Maude led the way into the drawing-room where tea was laid ready by
the fireplace, and establishing Mr Entwhistle there, disappeared,
presumably to the back regions. She returned in a few minutes' time with
a teapot and silver kettle, and proceeded to minister to Mr
Entwhistle's needs. It was a good tea with home-made cake and fresh
buns. Mr Entwhistle murmured:
"What about Timothy?" and Maude explained briskly that she had taken Timothy his tray before she set out for the station.
"And now," said Maude, "he will have had his little nap and it will
be the best time for him to see you. Do try and not let him excite
himself too much."
Mr Entwhistle assured her that he would exercise every precaution.
Studying her in the flickering firelight, he was seized by a
feeling of compassion. This big, stalwart matter-of-fact woman, so
healthy, so vigorous, so full of common sense, and yet so strangely,
almost pitifully, vulnerable in one spot. Her love for her husband was
maternal love, Mr Entwhistle decided. Maude Abernethie had borne no
child and she was a woman built for motherhood. Her invalid husband had
become her child, to be shielded, guarded, watched over. And perhaps,
being the stronger character of the two, she had unconsciously imposed
on him a state of invalidism greater than might otherwise have been the
case.
"Poor Mrs Tim," thought Mr Entwhistle to himself.
II
"Good of you to come, Entwhistle."
Timothy raised himself up in his chair as he held out a hand. He
was a big man with a marked resemblance to his brother Richard. But what
was strength in Richard, in Timothy was weakness. The mouth was
irresolute, the chin very slightly receding, the eyes less deep-set.

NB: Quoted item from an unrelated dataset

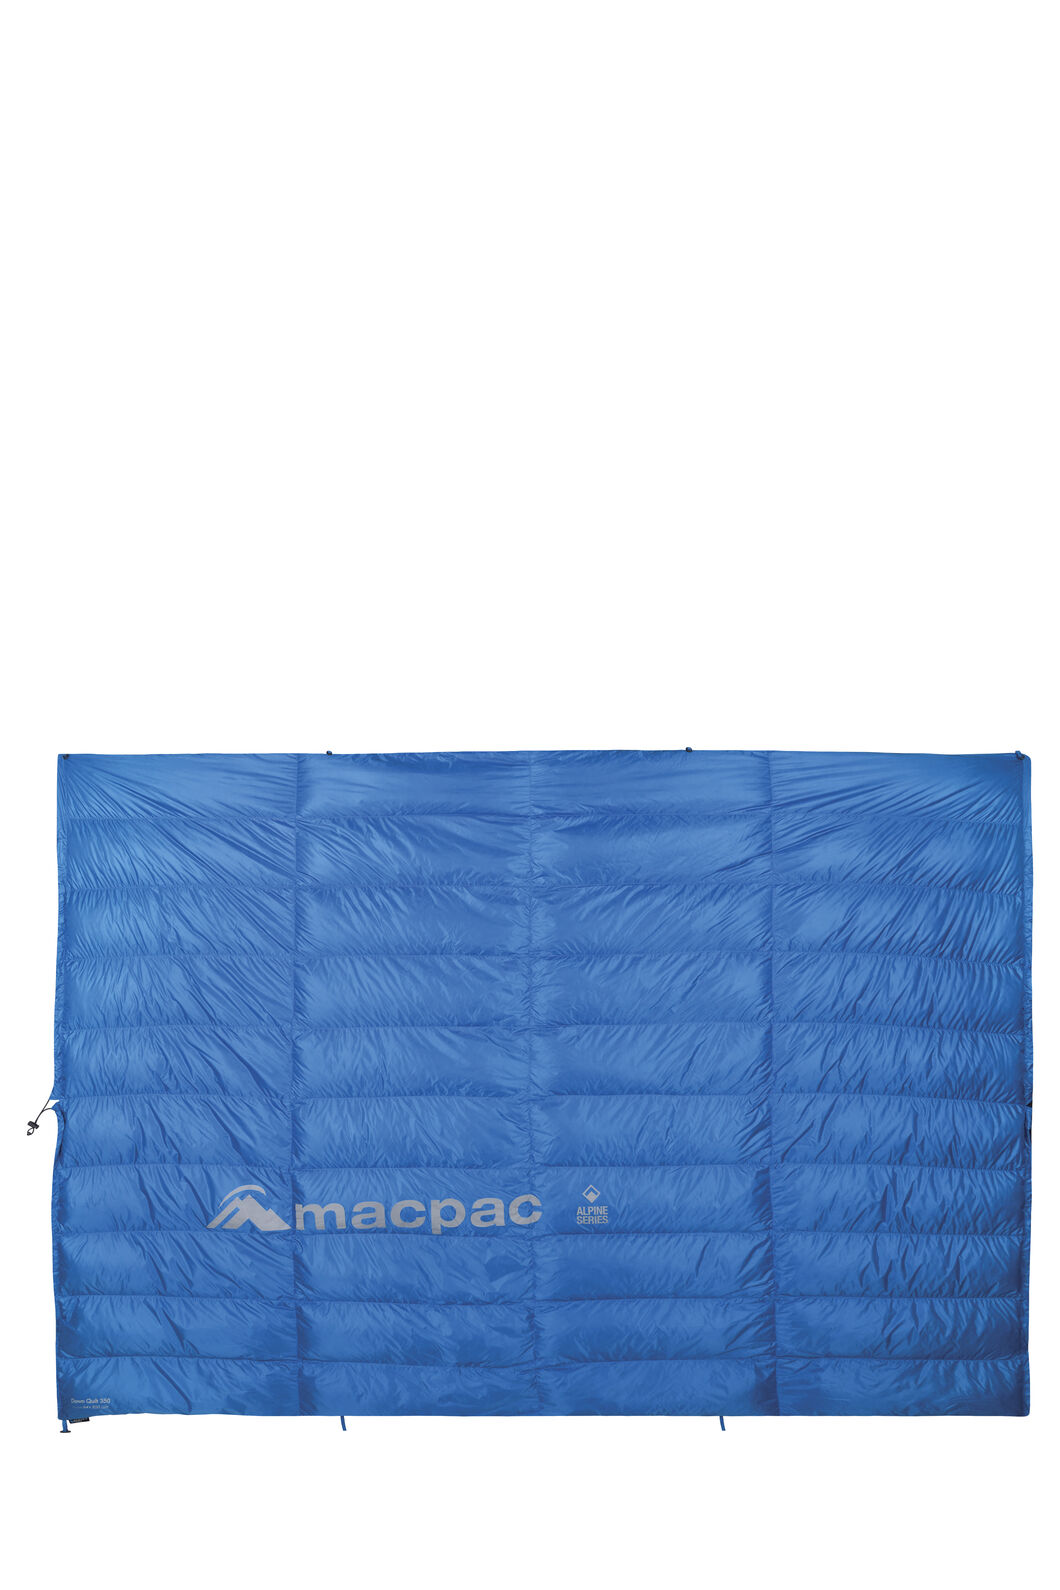 Macpac NZAT HyperDRY™ Down Quilt 350, Cerulean Blue, hi-res

Lines of peevish irritability showed on his forehead.
His invalid status was emphasised by the rug across his knees and a
positive pharmacopoeia of little bottles and boxes on a table at his
right hand.
"I mustn't exert myself," he said warningly. "Doctor's forbidden
it. Keeps telling me not to worry! Worry! If he'd had a murder in his
family he'd do a bit of worrying, I bet! It's too much for a man - first
Richard's death - then hearing all about his funeral and his will -
what a will! - and on top of that poor little Cora killed with a
hatchet. Hatchet! Ugh! This country's full of gangsters nowadays - thugs
- left over from the war!
Going about killing defenceless women. Nobody's got the guts to put
these things down - to take a strong hand. What's the country coming
to, I'd like to know? What's the damned country coming to?"
Mr Entwhistle was familiar with this gambit. It was a question
almost invariably asked sooner or later by his clients for the last
twenty years and he had his routine for answering it. The non-committal
words he uttered could have been classified under the heading of
soothing noises.
"It all began with that damned Labour Government," said Timothy.